Giant AI data centers are causing some serious and growing problems – electronic waste, massive use of water (especially in arid regions), reliance on destructive and human rights-abusing mining practices for the rare Earth elements in their components... And they also consume an epic amount of electricity – whatever else you might say about human intelligence, our necktop computers are super-efficient, using only about 20 Watts of energy.
They're also causing a massive supply-chain crunch for the high-powered GPUs required to run and train the latest models – there's no amount of "compute" that'll satisfy the endless appetites of these data centers and the companies pushing toward artificial general superintelligence.
One alternative to the Big Data model is running AI models locally – as in, right there on your own computer. But that limits the size and capability of the model you can run, and can put some harsh demands on your hardware. So what about distributing the task across small, local networks? At Switzerland’s École Polytechnique Fédérale de Lausanne (EPFL), a major technology and public research university, researchers have created software they’re now selling through their own company that takes out the middle-man of “Big Cloud.”
EPFL researchers Gauthier Voron, Geovani Rizk, and Rachid Guerraoui in the School of Computer and Communication Sciences, have announced Anyway Systems, an app that can be installed on networks of consumer-grade desktop PCs. There, Anyway downloads open-source versions of AI models such as ChatGPT, so you can ask questions globally, but process locally.
“For years,” says DCL head Rachid Guerraoui, “people have believed that it’s not possible to have large language models and AI tools without huge resources, and that data privacy, sovereignty and sustainability were just victims of this, but this is not the case. Smarter, frugal approaches are possible.”
Instead of using warehouse-bound arrays of servers, Anyway Systems distributes processing on a local network – in the above case with ChatGPT-120B, requiring a maximum of four computers – robustly self-stabilizing for optimal use of local hardware. Guerraoui says that while Anyway Systems is ideal for inference, it may be a bit slower responding to prompts, and “it’s just as accurate.”
ChatGPT-120B, for reference, is a powerful 'reasoning' model that comes in close behind OpenAI's o3 model on coding, math and health-specific benchmarks. It can use the web, write code in Python and perform complex chain-of-thought tasks, while running on relatively minimalist hardware.
Installing Anyway takes around 30 minutes.
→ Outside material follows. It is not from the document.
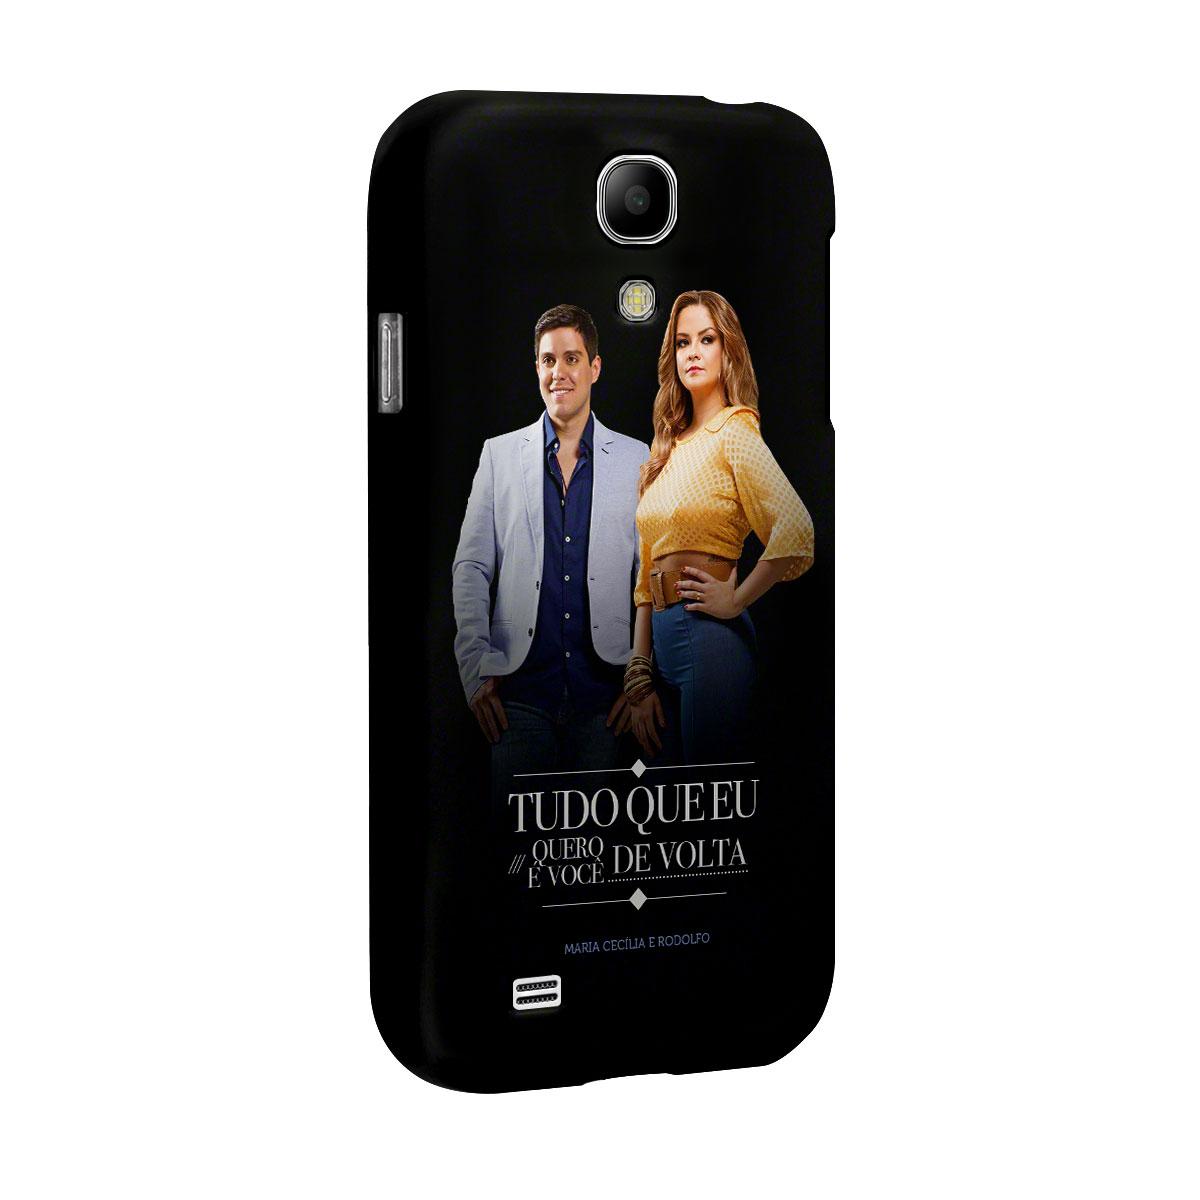 Capa para Samsung Galaxy S4 Maria Cecília & Rodolfo Tudo Que Eu Quero
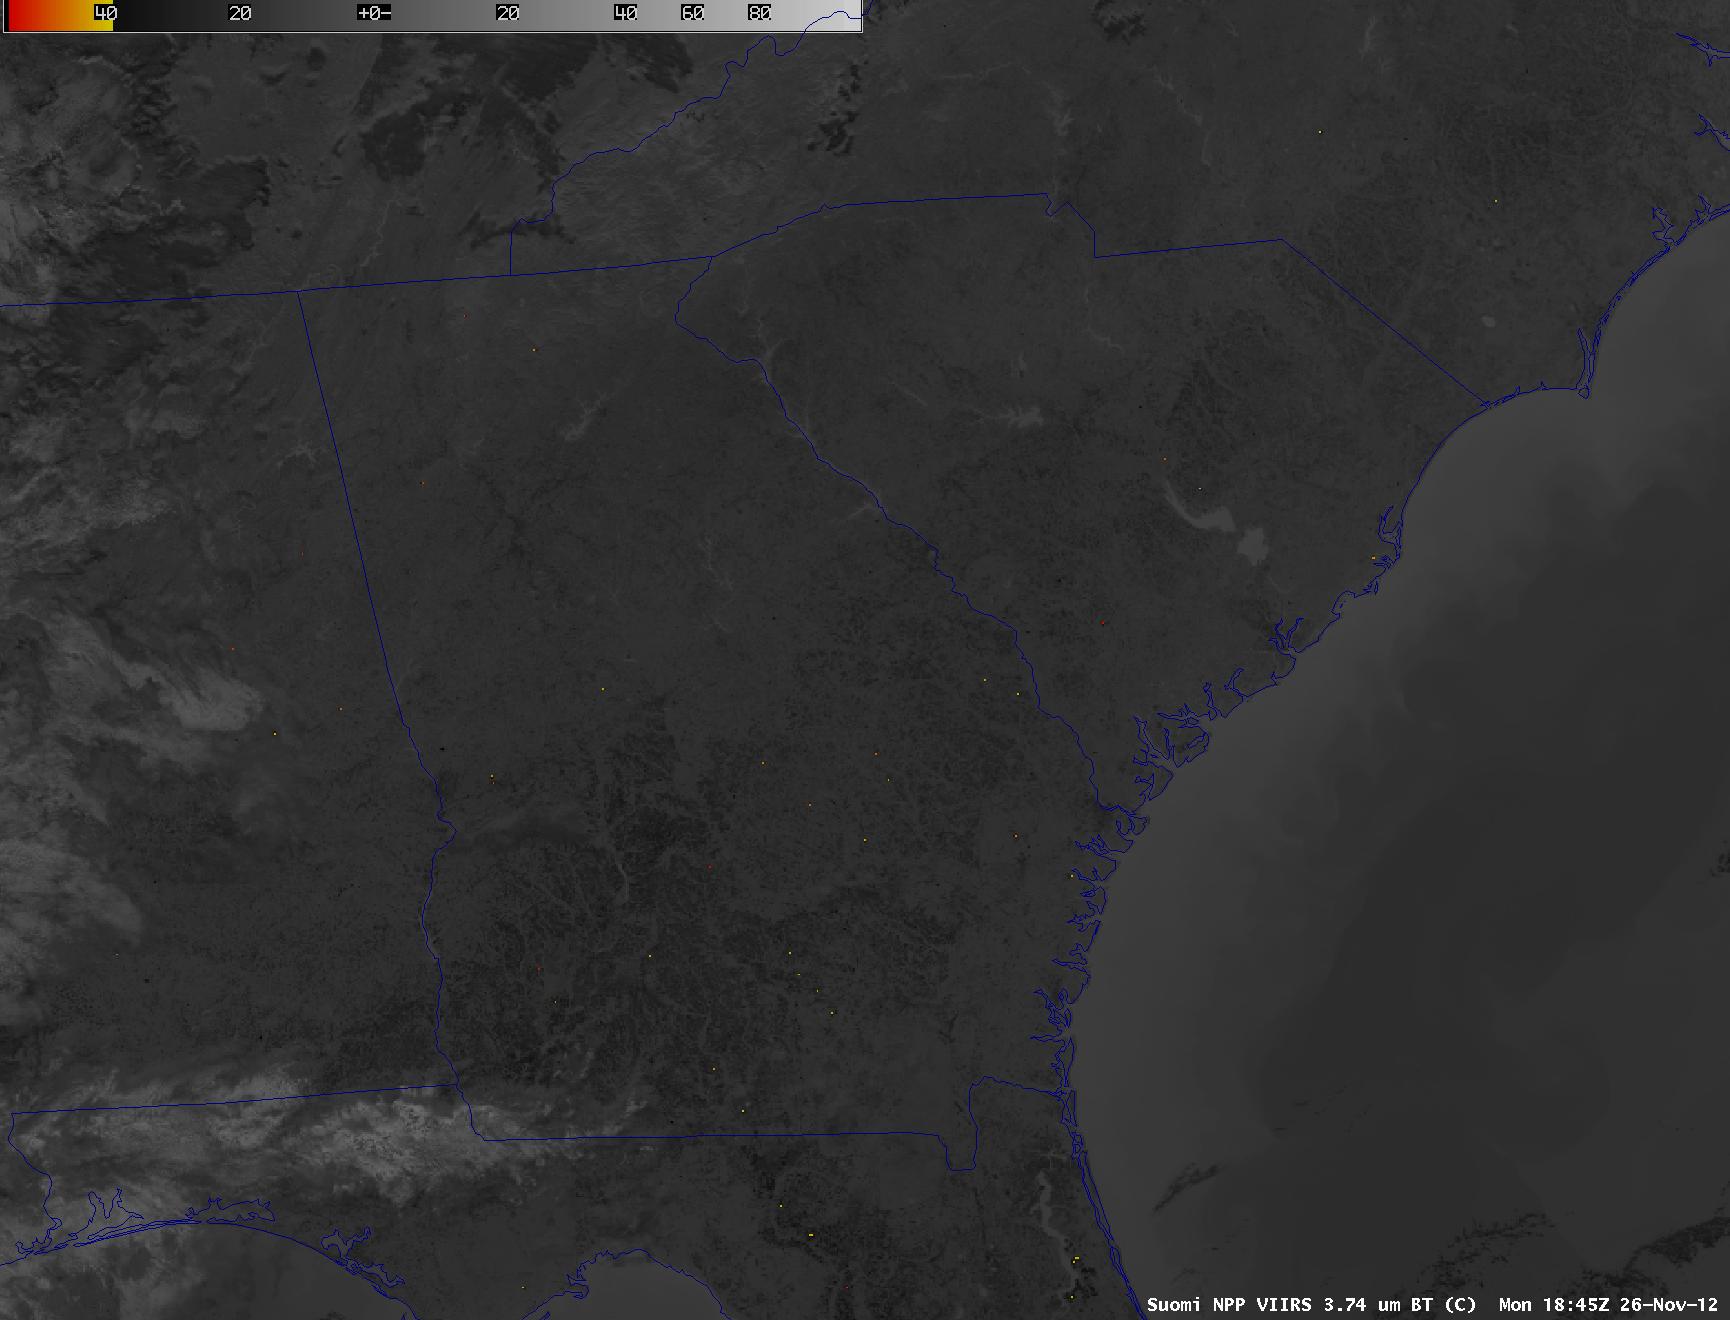 Suomi NPP VIIRS 3.74 µm shortwave IR image

Because processing is local, users keep their private data private, and companies, unions, NGOs, and countries keep their data sovereign, and away from the clutches (and potential ethical compromises) of Big Data.
While home users would need several highly-specified PCs to form the local network needed to operate Anyway Systems, relatively small companies and organisations may well find they've already got everything they need. “We will be able to do everything locally in terms of AI,” says Guerraoui. “We could download our open-source AI of choice, contextualize it to our needs, and we, not Big Tech, could be the master of all the pieces.”
But doesn’t Google’s AI Edge already offer such abilities on a single phone?
“Google AI Edge is meant to be run on mobile phones for very specific and small Google-made models with each user running a model constrained by the phone’s capacity,” says Guerraoui. “There is no distributed computing to enable the deployment of the same large and powerful AI models that are shared by many users of the same organization in a scalable and fault-tolerant manner. The Anyway System can handle hundreds of billion[s of] parameters with just a few GPUs.”
According to Guerraoui, similar logic applies for people operating local LLMs such as msty.ai and Llama. “Most of these approaches help deploy a model on a single machine, which is a single source of failures,” he says, noting that the most powerful AI models require extremely expensive machines incorporating AI-specific GPUs like nVidia's 80 GB H100, which is the minimum price of entry for a single-machine installation of ChatGPT-120b.
And that's if you can get your hands on one – supply chain geopolitics, component complexity and rabid demand have combined to create lengthy waiting lists and crazy resale prices up to and beyond US$90,000 for the H100, a product that's supposed to retail for US$40,000.
Getting to that level of processing power is possible with consumer-grade PCs, but according to the EPFL researchers, you'd typically need “a team to manage and maintain the system. The Anyway System does this transparently, robustly and automatically.”
Ideas like Anyway might not put an end to the data warehouse model altogether, and it can't help with the energy-intensive task of training new models, but it does look like a neat and relatively low-lift way to bring high-powered, reasoning-capable AI models out of the Big Data ecosystem and into distributed local networks.
Sources: EPFL, Anyway Systems
Editor's note: this piece was substantially edited for additional context on January 5, 2026.